Paracrine suppression of apoptosis by cytokine-stimulated neutrophils involves divergent regulation of NF-κB, Bcl-XL, and Bak

Dysregulated polymorphonuclear leukocyte (PMN) apoptosis and PMN-mediated organ damage have been associated with several medical conditions such as systemic inflammatory response syndrome (SIRS), acute respiratory distress syndrome (ARDS), and ischemia/reperfusion injury. IL-1 beta and IL-8 are two cytokines that are elevated under similar conditions. Therefore, we hypothesized that PMN exposed to these cytokines would secrete factors that could affect PMN apoptosis in a cell contact-independent manner. We have previously shown that media conditioned by IL-1 beta -stimulated PMN (CM-IL-1 beta) for 2 h suppressed spontaneous PMN apoptosis. Data presented here demonstrate that media conditioned by IL-8-stimulated PMN (CM-IL8) also have the ability to suppress spontaneous, as well as FasL- and TNF-alpha -induced apoptosis. In contrast, CM-IL1 beta was able to suppress FasL-induced, but not TNF-alpha -incluced, apoptosis.
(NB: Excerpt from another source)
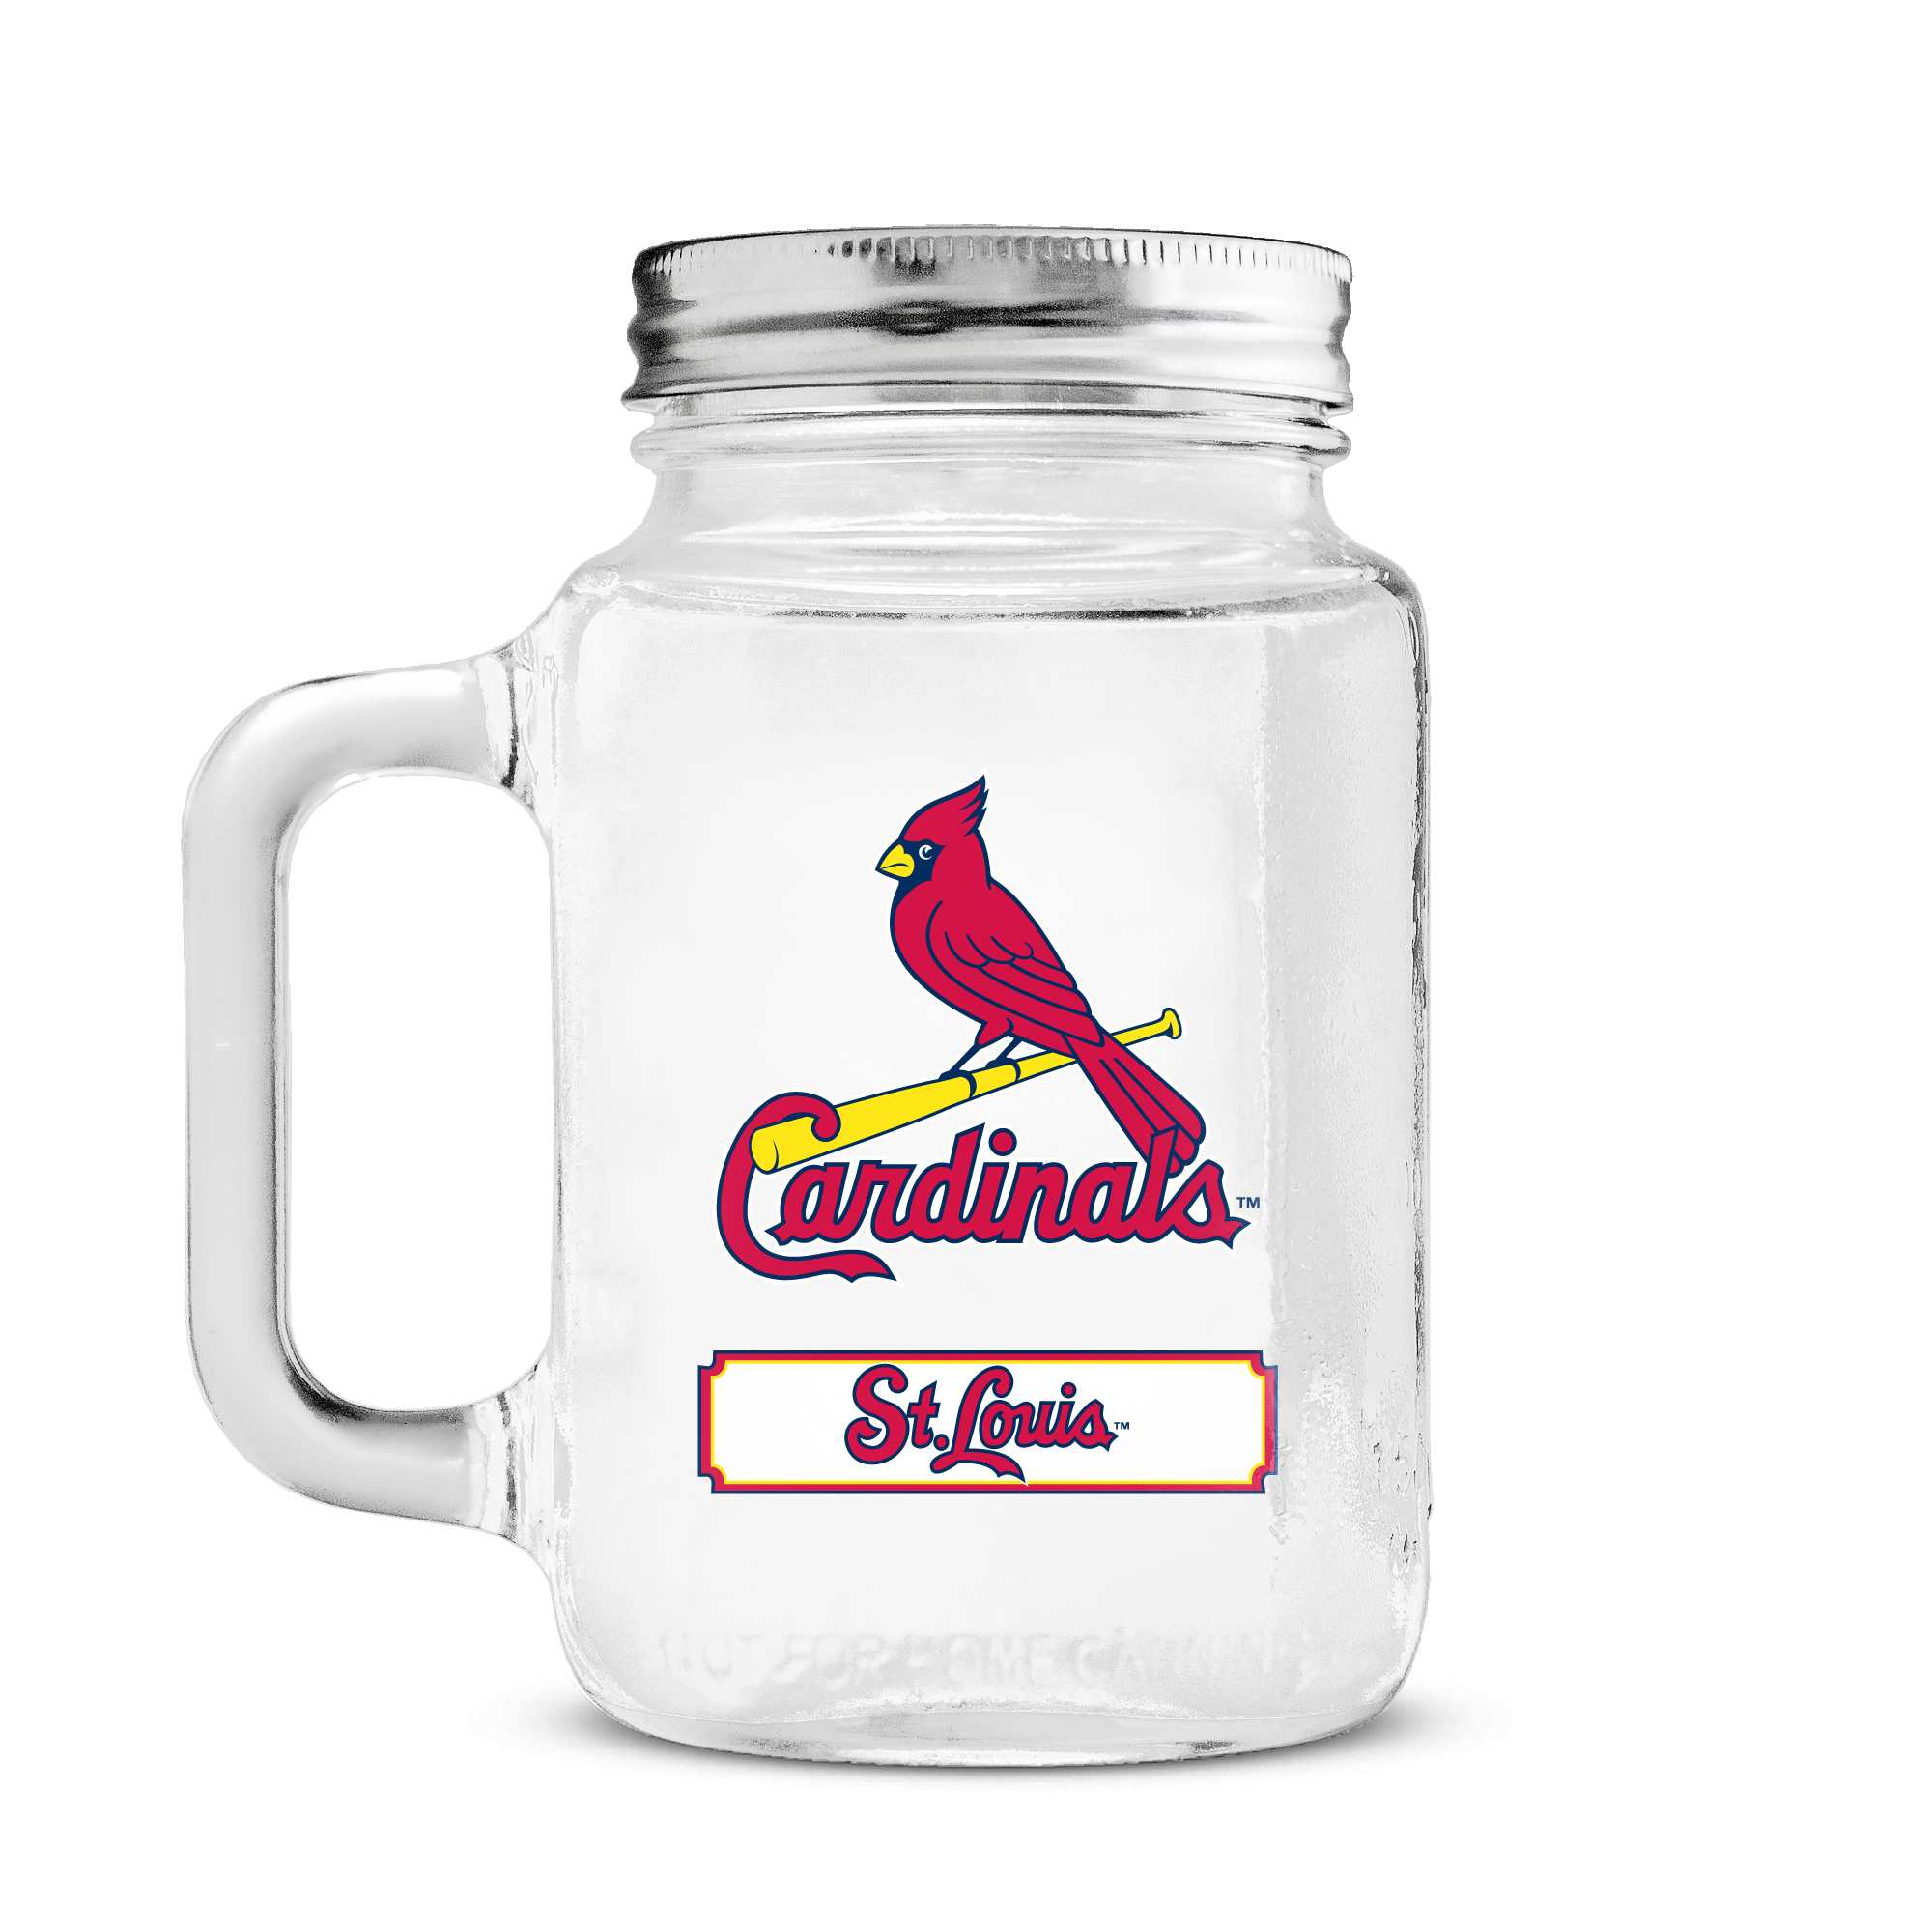 Duckhouse 16 Ounce Mason Jar - St. Louis Cardinals

To elucidate the mechanisms these media use to elicit their effects, we examined the expression and function of several apoptosis-related proteins, Experimental results demonstrate that both CM-IL1 beta and CM-IL8 have the ability to delay caspase activation, but have no effect on the expression of their upstream activator, Fas, or its ligand, FasL. Examination of several Bcl-2 family members revealed a selective regulation by each media: CM-IL1 beta up-regulated Bcl-X-L, while CM-IL8 down-regulated Bak expression. Additionally, CM-IL1 beta, but not CM-IL8, promoted the activation of NF-kappaB, which has anti-apoptotic activity. Together, we can conclude that IL-1 beta- and IL-8-stimulated PMN have the ability to suppress PMN apoptosis in a paracrine manner, and that the extent and mechanism of suppression is specific for each.